- Born: 1847 Reckendorf, Kingdom of Bavaria
- Died: August 8, 1921 (aged 74)
- Burial place: Home of Peace Cemetery (Colma, California)
- Occupation: Businessman
- Known for: Co-founder, Hellman, Haas & Co.
- Spouse: Fanny Koshland
- Children: Walter A. Haas Sr. Charles Haas Ruth Haas Lilienthal Eleanor Haas Koshland
- Family: Simon Koshland (father-in-law) Kalman Haas (cousin)

= Abraham Haas =

American businessman (1847–1921)

Abraham Haas (1847 – August 8, 1921) was an American businessman, co-founder of Hellman, Haas & Co. (later Haas, Baruch & Co., which ultimately merged with Smart & Final), and patriarch of the Haas family, the primary shareholders of Levi Strauss & Co.

==Biography==
Haas was born to a Jewish family in Reckendorf, Kingdom of Bavaria in 1847 and immigrated to Portland, Oregon at the age of 16 where he worked at a grocery store founded by his cousins, Charles, Samuel, and Kalman Haas. He then moved to Los Angeles where he co-founded the retail drug and grocery store, Hellman, Haas & Co. with his brother, Jacob Haas, and partners, Herman W. Hellman (brother of banker Isaias W. Hellman) and Bernard Cohn (later the Mayor of Los Angeles). Using his profits, he founded the first flour milling and cold storage businesses in Los Angeles, the Capital Milling Company, as well as several electricity and gas companies. In the 1880s, Jacob Baruch, married to Haas's niece Jeanette Weiler, and his brother Herman Baruch, also married to a niece, Jeanette Meertief, bought out the other partners and the company changed its name to Haas, Baruch & Co. in 1889. The company pioneered the "cash & carry" concept in Los Angeles (before, clerks would gather the groceries for the customers) and by 1895, benefiting from rapid population growth in the region thanks to the building of the Los Angeles aqueduct, the discovery of oil in Long Beach, and the opening of the Panama Canal, the company had $2 million in sales. Haas became one of the leading philanthropists in the city at the time. He moved to San Francisco in 1900 where he founded Haas Wholesale Grocers and was a director for Wells Fargo Bank, the San Francisco Savings & Loan Company, the California Insurance League, and the Union Sugar Company.
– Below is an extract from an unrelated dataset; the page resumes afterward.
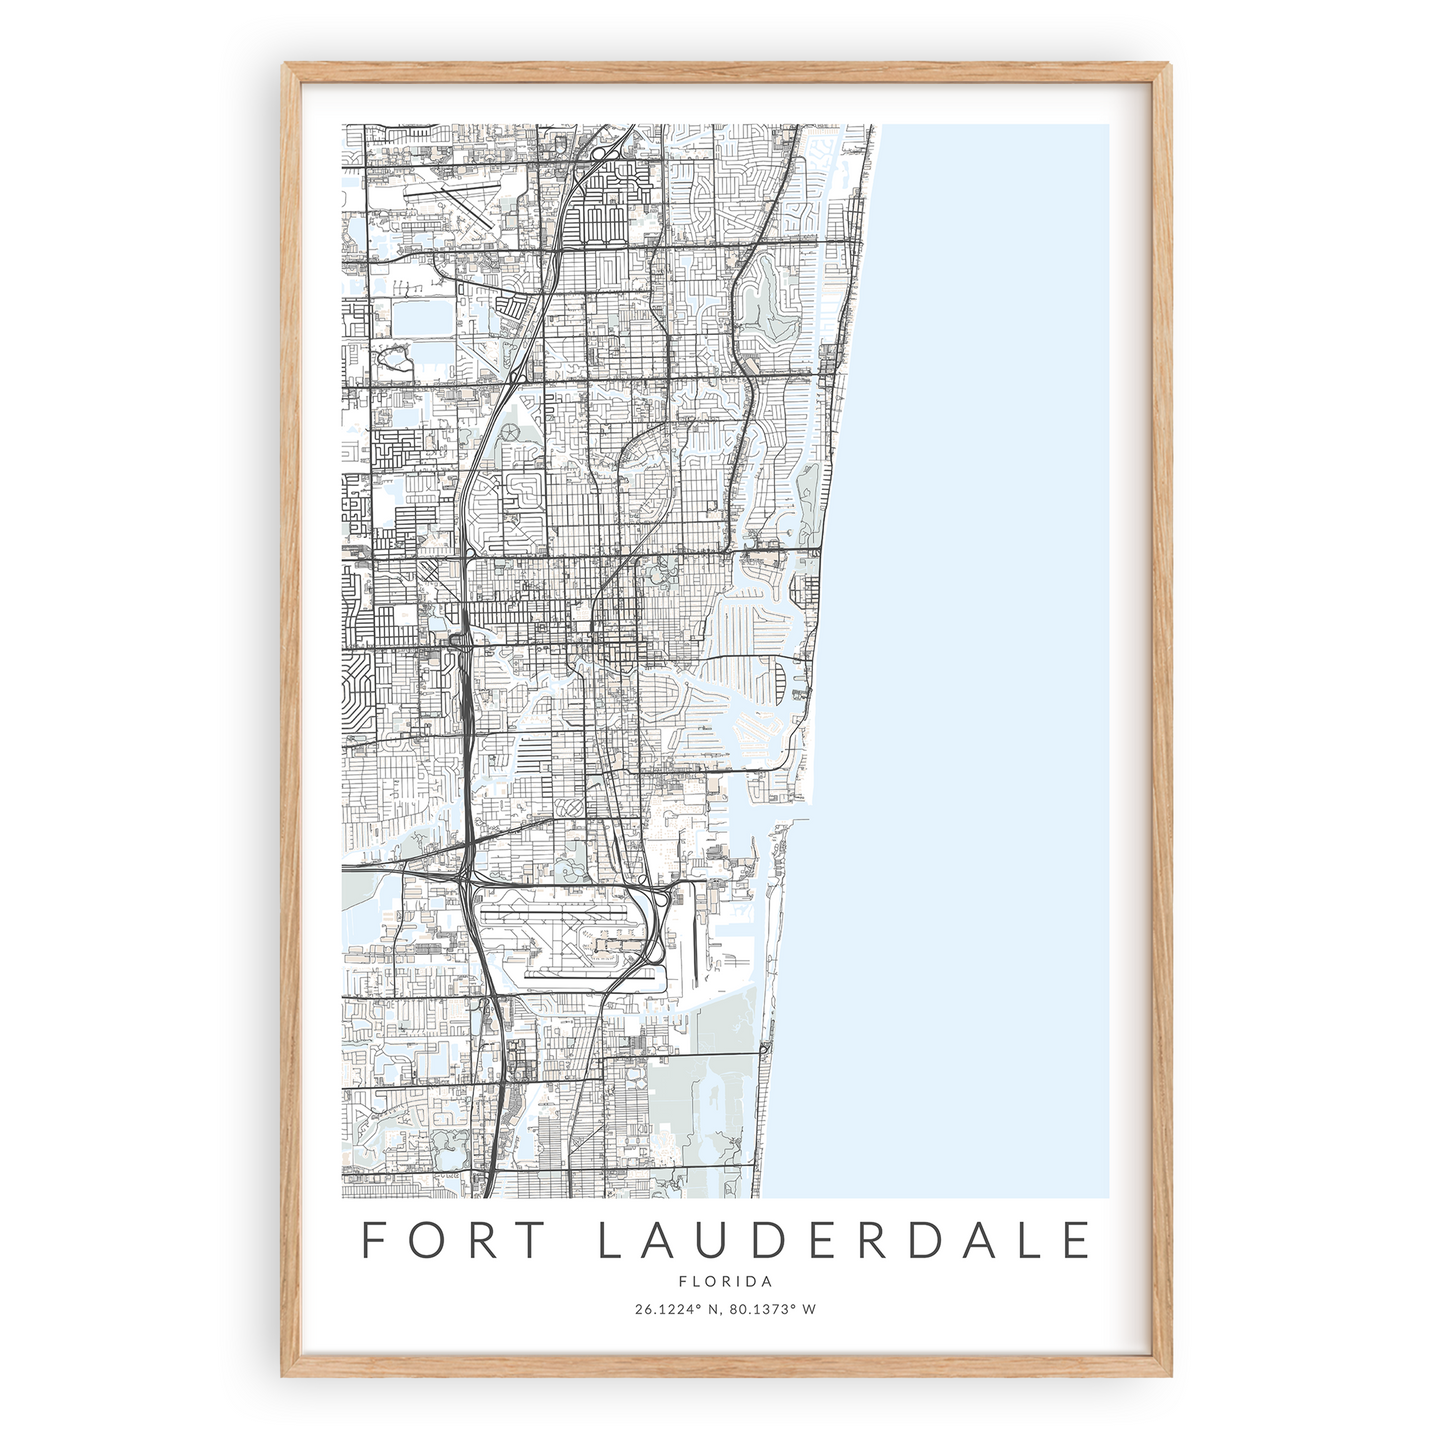 Fort Lauderdale Map Print

Haas was a benefactor of the Eureka Benevolent Society (later the Jewish Family Service), the Federation of Jewish Charities, and the Pacific Orphans’ Asylum and Home Society.

==Personal life==
Abraham Haas married Fanny Koshland, a daughter of Simon Koshland, one of the leading wool merchants in San Francisco, with whom he had four children: Charles Haas (1888-?), Walter A. Haas Sr. (1889-1979) (married Elise Fanny Stern, daughter of Sigmund Stern, a nephew of Levi Strauss, and granddaughter of David Stern), Ruth Haas Lilienthal (1891-1975) (married Philip N. Lilienthal Jr., son of banker Philip N. Lilienthal and grandson of rabbi Max Lilienthal), and Eleanor Haas Koshland (1900-1959) (married her cousin Daniel E. Koshland Sr., the son of her maternal uncle, Marcus Koshland).